China
comenzó a reformar su economía política socialista de
estado después de la muerte de Mao Zedong en 1976. El pragmático
programa de reformas de mercado de Deng Xiaoping fue
legitimado formalmente en la histórica sesión plenaria del
Partido Comunista de 1978 para reemplazar la ingeniería
social maoísta utópica. Treinta años después, China es
hoy la segunda mayor economía del mundo, la tercera mayor
en comercio y, con enormes reservas de divisas extranjeras
(1,4 billones de dólares o el 40 % del producto interno
bruto en 2007) y enorme exceso de capital, el tercer mayor
exportador de capitales. Además, China es también el
segundo mayor consumidor de petróleo y es responsable por
alrededor del 20 % del consumo de los recursos minerales de
la tierra, produciendo el 15 % de las emisiones mundiales en
el proceso.
En
el contexto más amplio del desarrollo chino y de los
desarrollos nacionales en general, están produciéndose
cambios mayores en la política, la economía, las
relaciones internacionales y la geopolítica mundiales desde
el final de la guerra fría, en particular desde el colapso
del bloque soviético y las transiciones poscomunistas por
un lado, y la marcha progresiva transnacional de la
liberalización, la desregulación y la privatización, por
otro. Estos cambios han alterado profundamente los parámetros
de la modernización en China con respecto a aquellos con
los cuales estaban comprometidos los reformadores imperiales
de la segunda mitad del siglo XIX y mucho más los
revolucionarios republicanos y comunistas del siglo XX. Además,
mientras más profundamente un país es integrado a los
mercados mundiales, más fuertes son la dependencia y las
restricciones que encuentra en sus opciones políticas y
estratégicas.
La
trayectoria de las reformas ha atravesado hasta ahora en
China dos etapas distintas y está entrando en una tercera,
cuya naturaleza todavía está por definirse. La primera,
comenzada en 1977, estuvo inspirada por las rupturas en el
pensamiento nacional iniciadas por el partido, expresadas en
consignas tales como “reforma y apertura”, “economía
socialista de mercado” y “construir un socialismo
altamente civilizado, altamente democrático”. La idea
principal era entonces que China “hiciera uso” de los
mecanismos de mercado y de las avanzadas capacidades de
gestión y tecnología del mundo capitalista para sus
propios propósitos socialistas. En efecto, la primera década
de la reforma contempló algunos magníficos logros: desde
“liberar la mente” (un movimiento autocrítico dentro
del partido comunista) hasta la descentralización política
y económica, incluyendo esfuerzos para limitar los periodos
de desempeño de los cuadros dirigentes y separar al partido
del gobierno, la administración y la gerencia empresarial;
y desde el alivio de la pobreza hasta la promoción de las
empresas colectivas municipales y aldeanas (TVE, siglas de
su nombre en inglés) a fin de proveer de empleo, ingresos y
prosperidad a las comunidades locales. Uno de los rasgos
indisputables fue la marcada mejora en el nivel general de
vida para la amplia mayoría de la población china: 400
millones de personas fueron sacadas de la pobreza, y el
dinamismo de los negocios se expandió a través de las áreas
urbanas y rurales de China. Un comprometido programa anti–pobreza,
financiado por el estado central con amplia participación
desde abajo, ejemplificó los primeros métodos chinos del
desarrollo.
Después
de los disturbios de la protesta de Tiananmen de 1989
(contra el deterioro de los servicios públicos y de la
seguridad social y el aumento de la corrupción de los
funcionarios) y su violento final, el siguiente paso de
China quedó en claro sin lugar a dudas en 1992, cuando se
relajaron las sanciones internacionales y Deng recorrió el
sur para impulsar las zonas económicas especiales
anunciando que “el desarrollo es la regla de hierro”.

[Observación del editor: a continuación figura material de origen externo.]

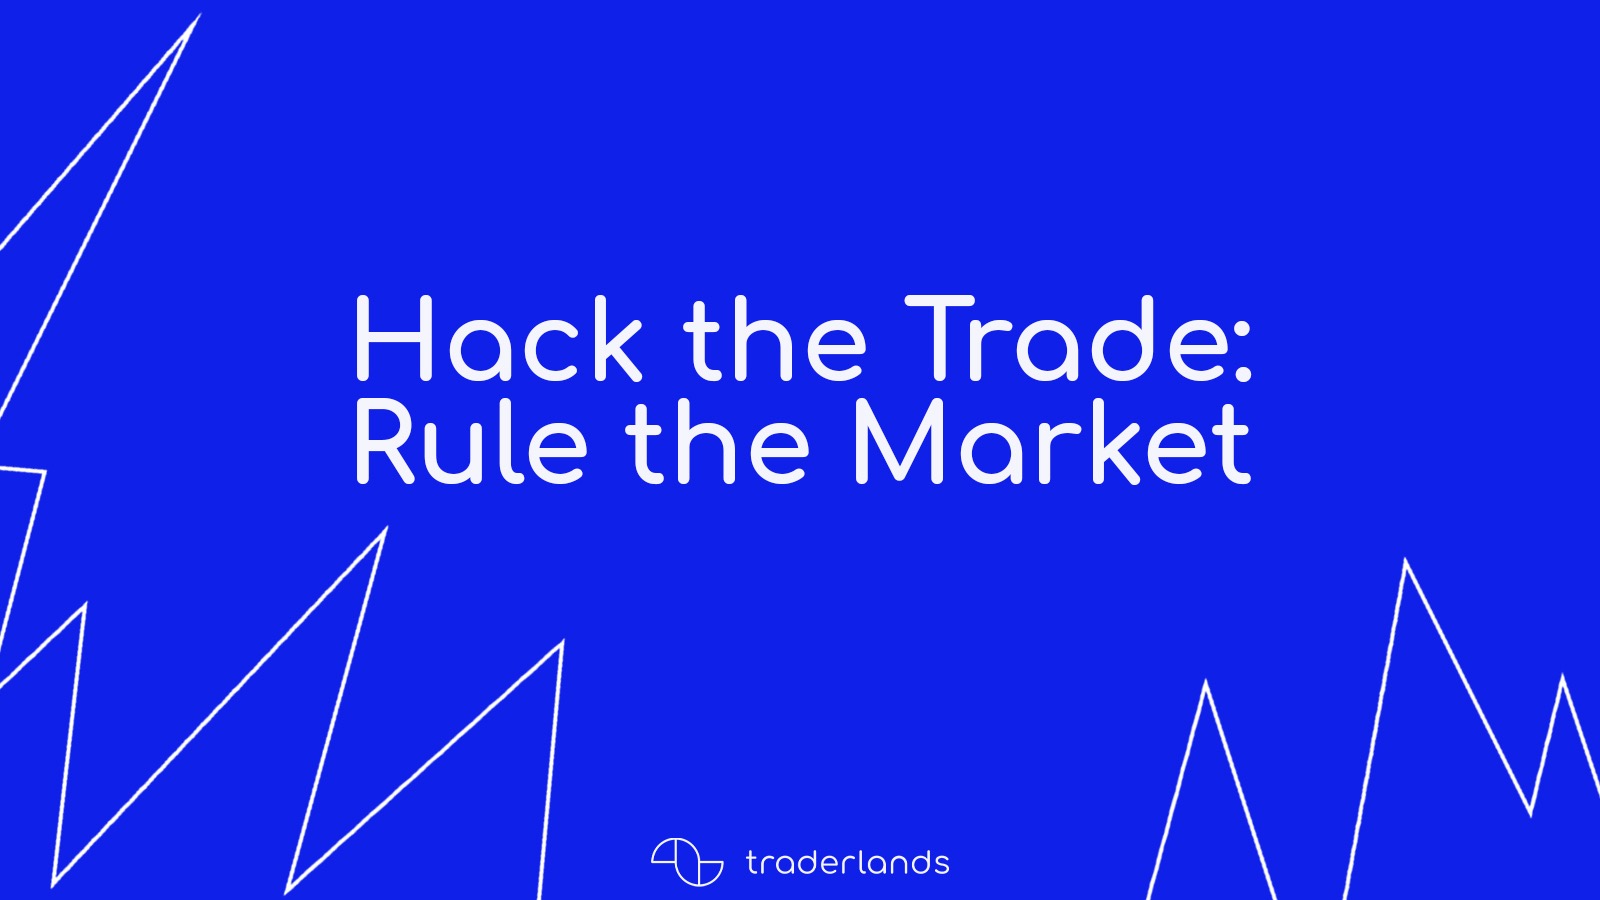 Hack the Trade: Rule the Market

Una trágica ironía de la historia: en vez de refrenar los
problemas iniciales que causaron los movimientos de
estudiantes y ciudadanos de 1989, resultó que estos
movimientos allanaron el camino para cambios más radicales
en la década de 1990, bajo las fuerzas combinadas del
ajuste del mercado y la violencia estatal. Recién en 2002,
en que los dirigentes de la “cuarta generación”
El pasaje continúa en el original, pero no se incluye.